This section describes the StaR framework that we have developed. The code can be downloaded from https://github.com/FaubertLab/StaR. Questions can also be sent to yannick.roy@umontreal.ca. If we were to receive positive feedback and requests to provide a complete toolbox, we would happily seek funding to do so.

2.1 StaR Framework Steps

Steps #1 and #2 consist of preprocessing the data and creating a studyset in EEGLAB, then performing the clustering in the MPT (see EEGLAB (sccn.ucsd.edu/wiki/EEGLAB) and MPT wiki pages (sccn.ucsd.edu/wiki/MPT).

Step #3 consists of exporting the data from the MPT to R. StaR tags missing values with a NaN (Not a Number) value when exporting them from the MPT.

Step #4 consists of creating the complex data frame in R.

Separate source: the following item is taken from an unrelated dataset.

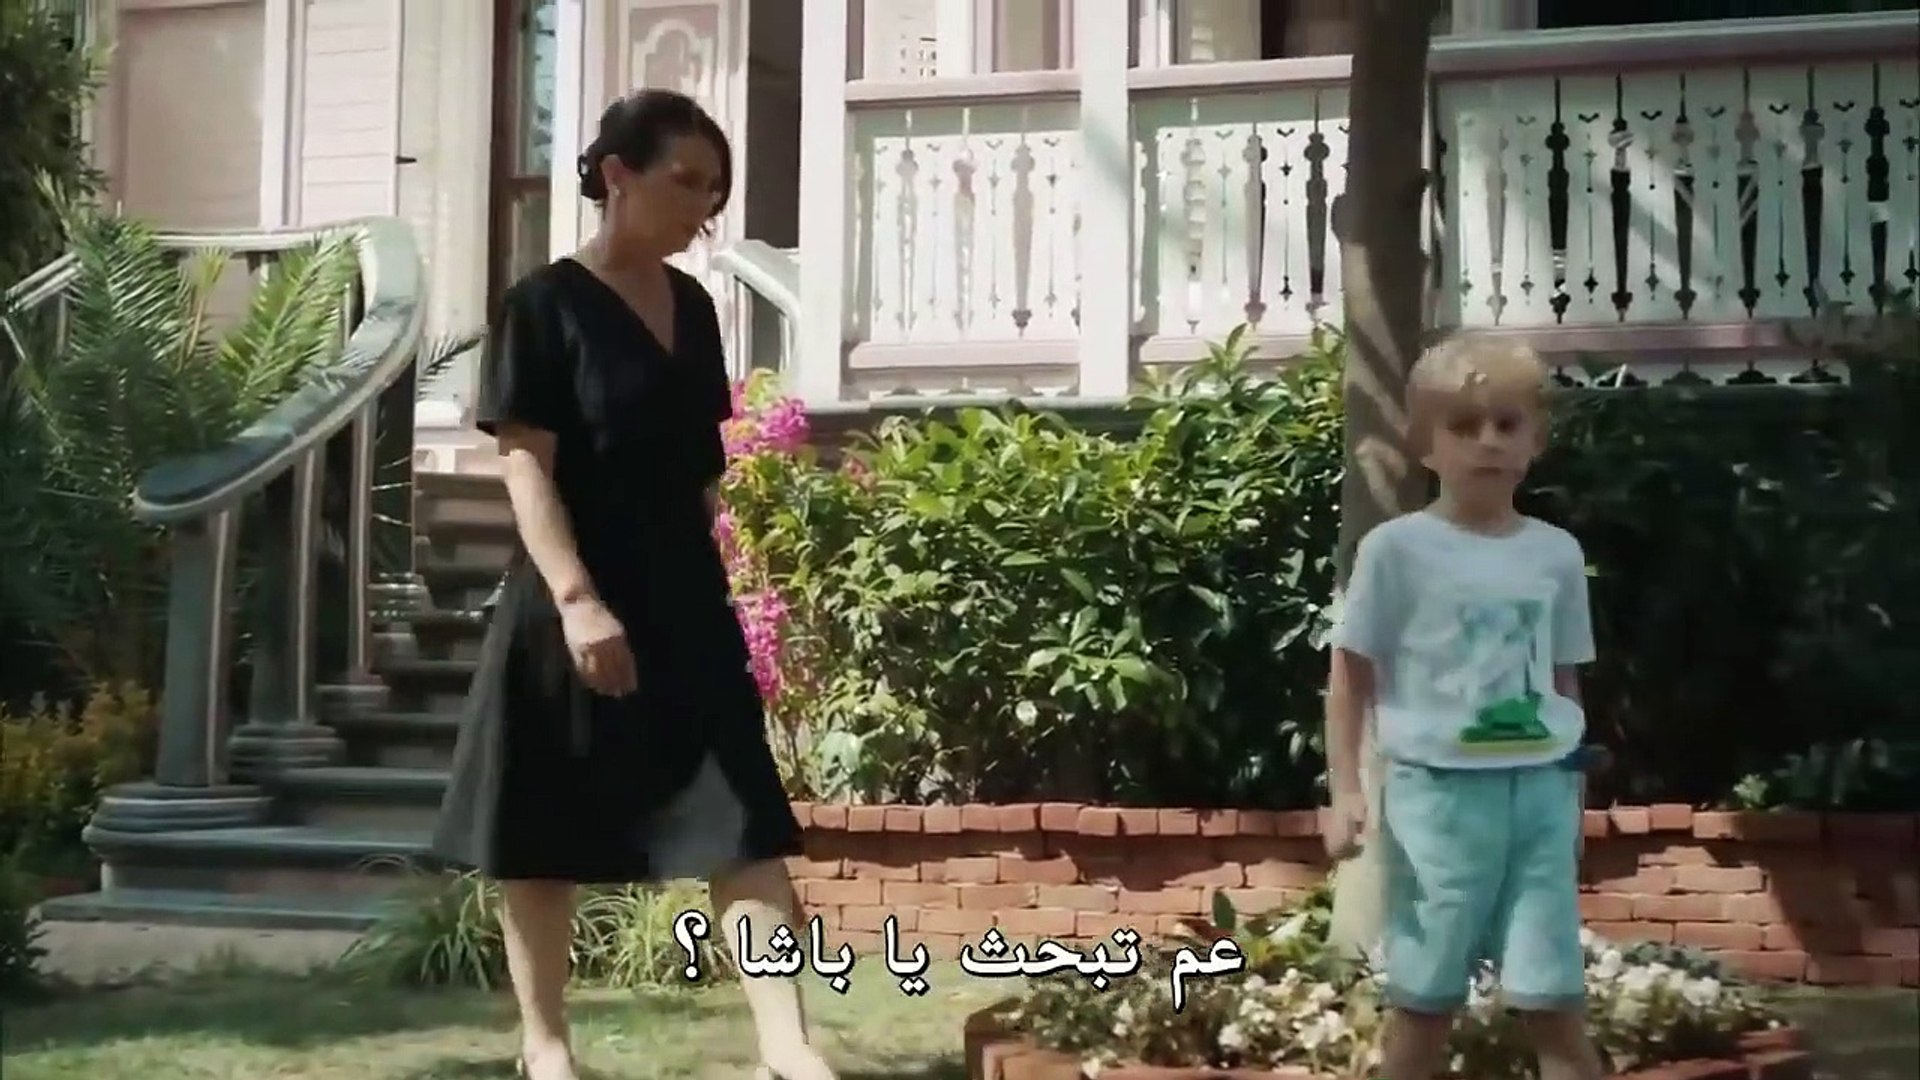 Cocuk مسلسل الطفل الحلقة 1 مترجمة للعربية الجزء الاول 1 3 فيديو Dailymotion

Step #5 consists of carefully placing the MPT values in the long data structure previously created. The dimensionality of the data will automatically be switched around by StaR to facilitate its usability by the user and developer while also optimizing for parallel computing. In order to study the EEG signal in greater detail, the different measures of interest (e.g., ERP, ERSP, etc.) are analyzed in a point-by-point fashion (i.e., considering each data point constituting a given graphical representation of the measure for each subject). Thus, for each subject, the data frame may hold tens of thousands of values, and hence there is the necessity for parallel computing.

Step #6 and #7 consist of the actual statistical analysis and post hoc tests. We opted for the linear mixed model procedure (lme4 package) to capture the within-subjects variability and to use as much of the data as possible, instead of removing subjects having missing values [13, 14]. Nevertheless, other tests can be used in R with small modifications in the code. Options of correction methods for multiple comparisons are also offered such as False Discovery Rate (FDR) [15] or Bonferroni.

Step #8 consists of bringing the results back into MATLAB to use EEGLAB graphics that are easy to recognize and interpret [10, 16]. One of the challenges here was the poor protocol of exchange between R and MATLAB. The data had to be linearized by carefully reshaping the matrices.

Step #9 consists of plotting the results. Handling more than two independent variables is not possible in EEGLAB and the MPT, therefore, even if the graphics are generated with EEGLAB functions, having the ability to plot this kind of graphics from a combination of three or four independent variables is new. The illustrations presented here come from a subset of datasets used in a longitudinal study initially comprising of four factors (Group, Session, and two condition-related crossed factors such as Dynamic and Modulation). In order to better handle the missing values, we have included a cluster-related factor (Domain).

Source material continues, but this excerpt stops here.